### Try it:
Filter the data for "Photo" and copy matching lines.

### Task data:
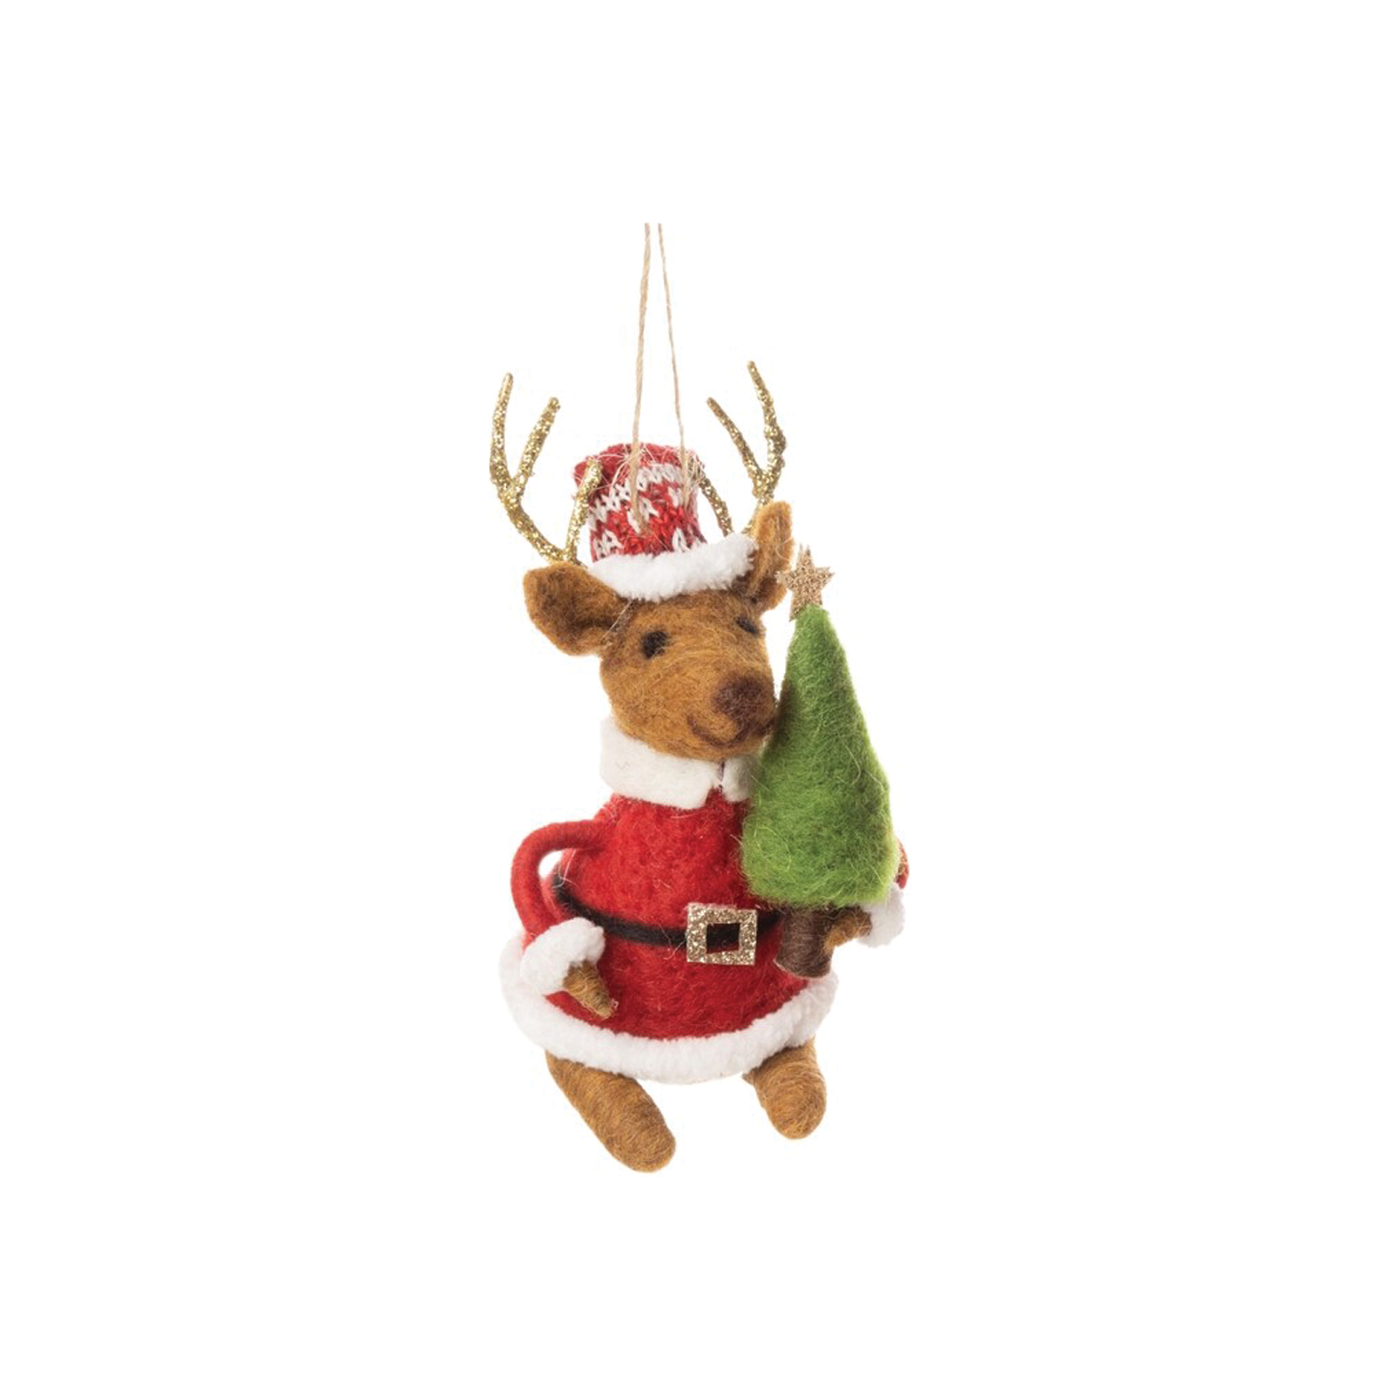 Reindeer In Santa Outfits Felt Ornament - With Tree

--

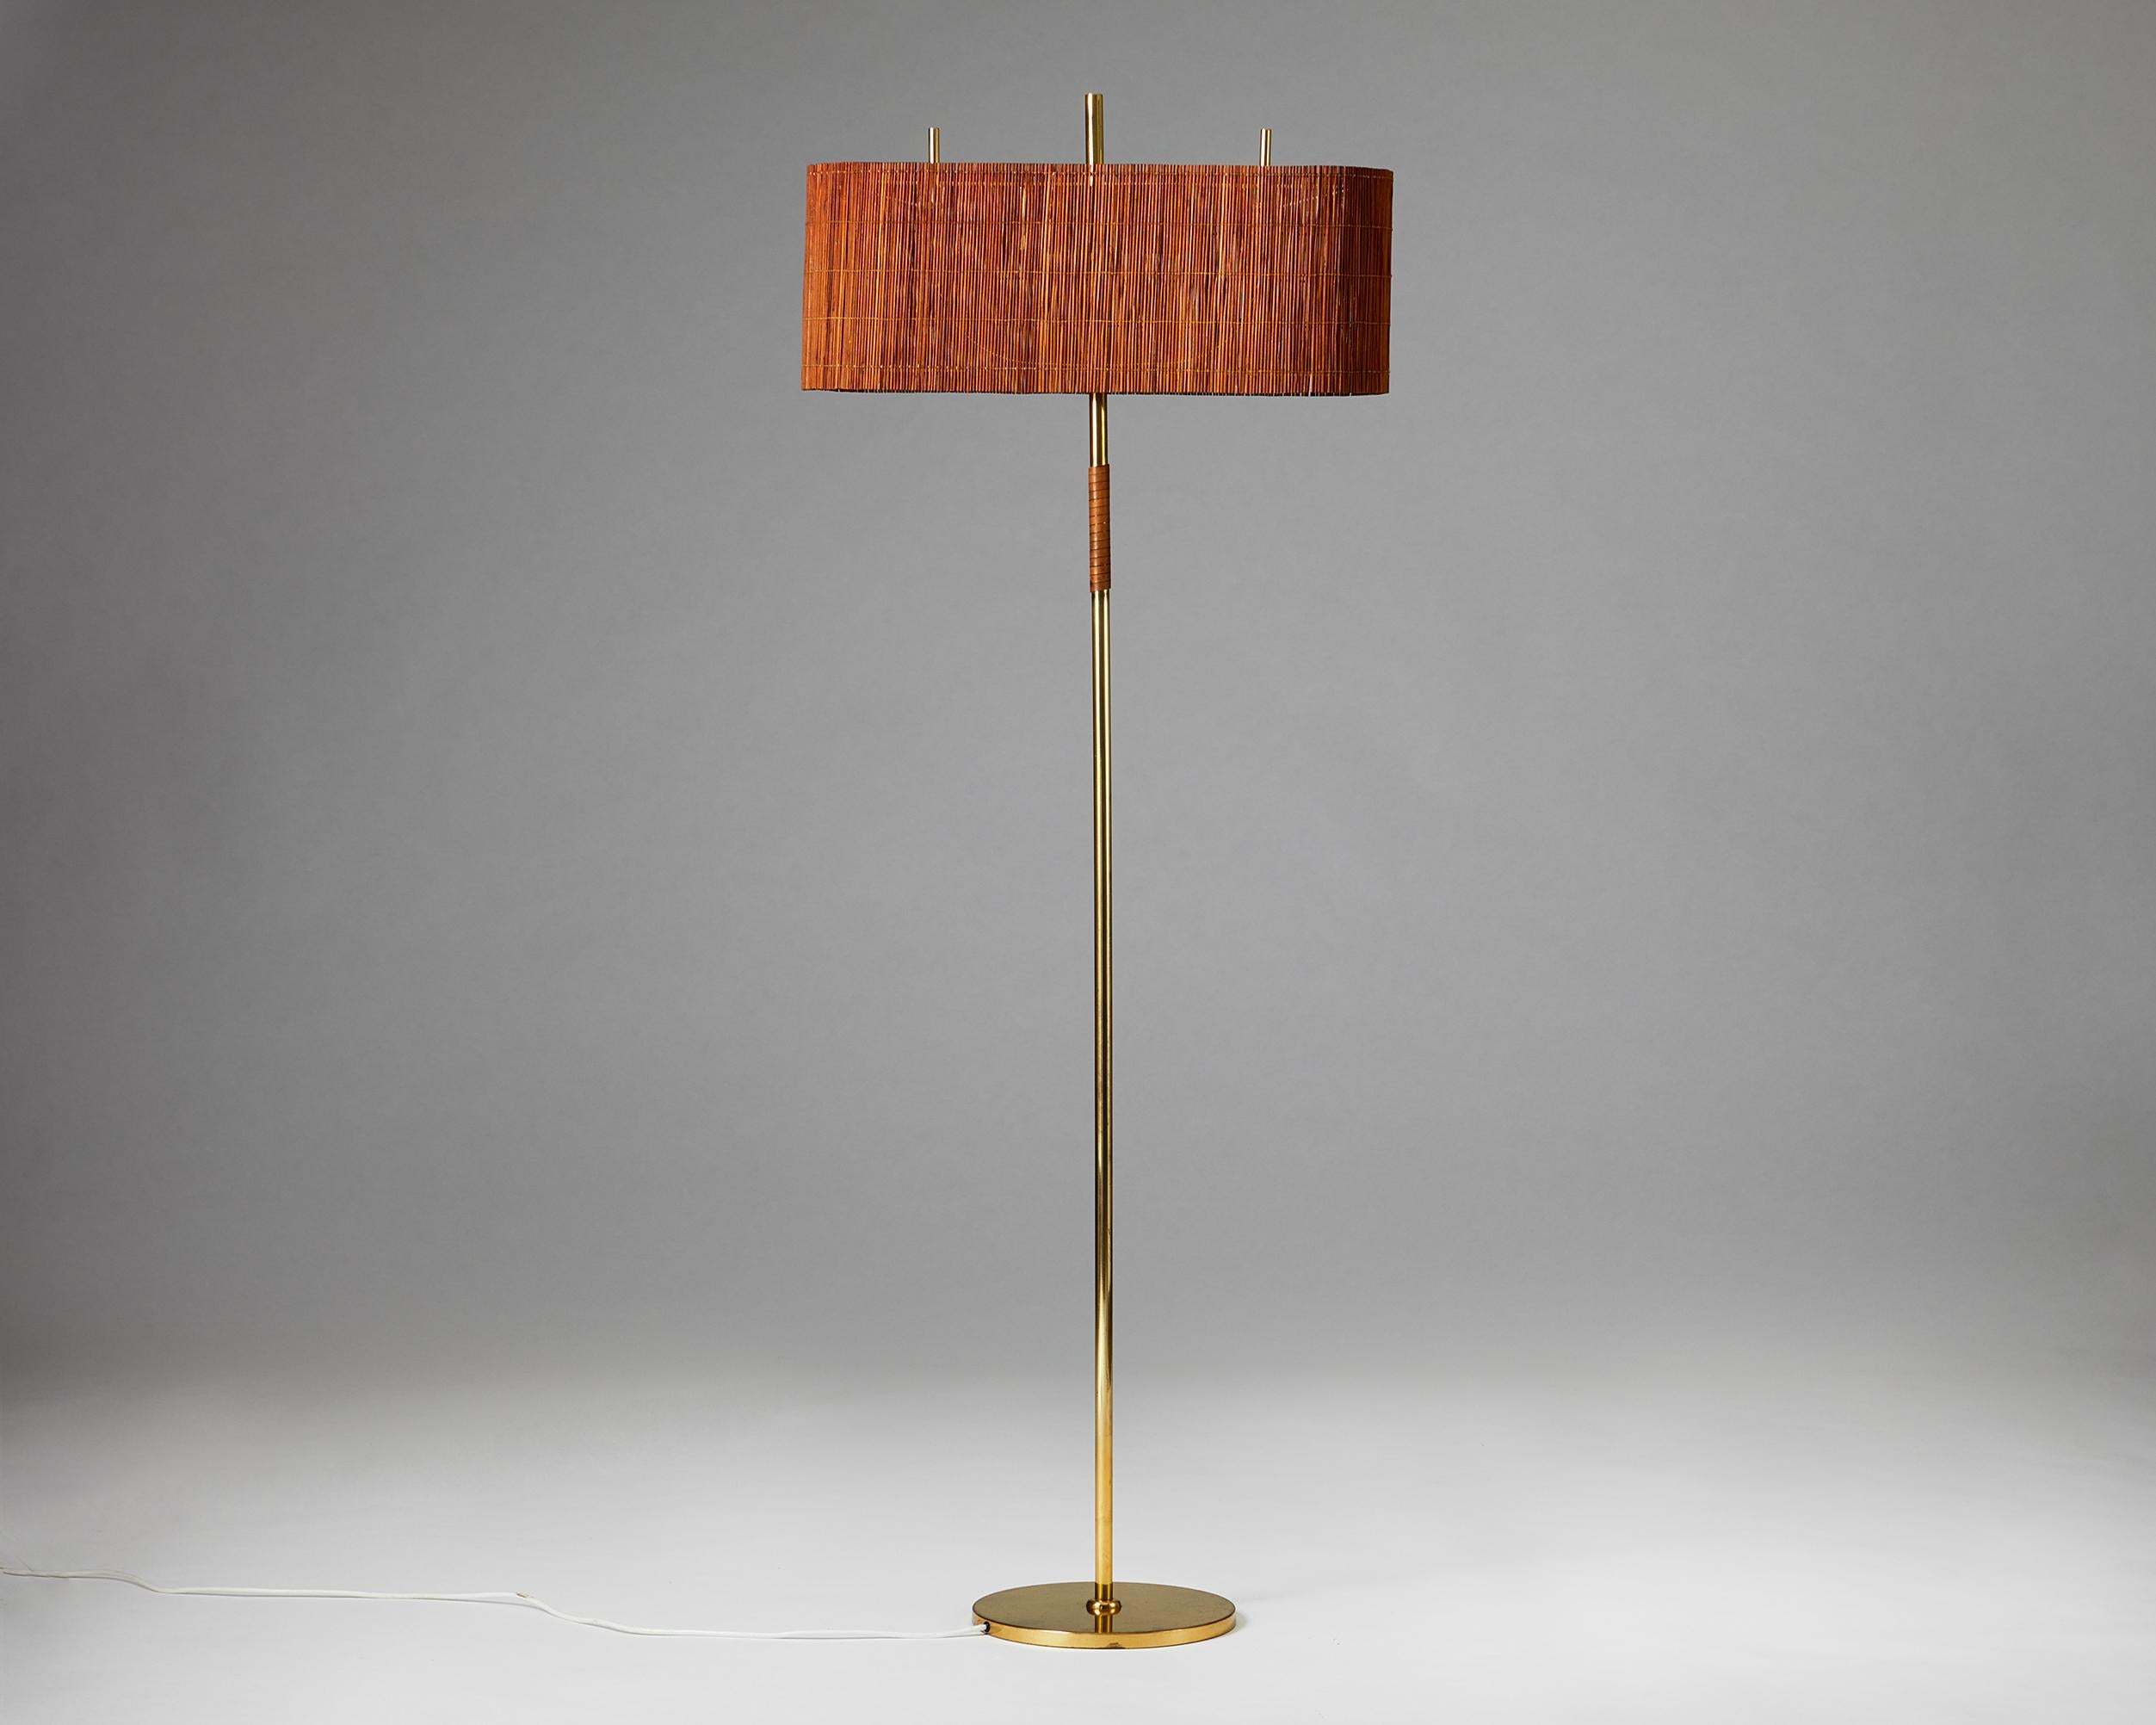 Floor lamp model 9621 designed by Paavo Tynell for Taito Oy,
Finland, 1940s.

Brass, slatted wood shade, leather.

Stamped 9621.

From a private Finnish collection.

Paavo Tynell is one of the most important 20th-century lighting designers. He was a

==

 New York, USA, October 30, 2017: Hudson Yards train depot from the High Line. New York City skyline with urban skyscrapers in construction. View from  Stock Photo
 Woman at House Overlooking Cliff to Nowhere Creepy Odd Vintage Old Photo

### Task response:
 New York, USA, October 30, 2017: Hudson Yards train depot from the High Line. New York City skyline with urban skyscrapers in construction. View from  Stock Photo
 Woman at House Overlooking Cliff to Nowhere Creepy Odd Vintage Old Photo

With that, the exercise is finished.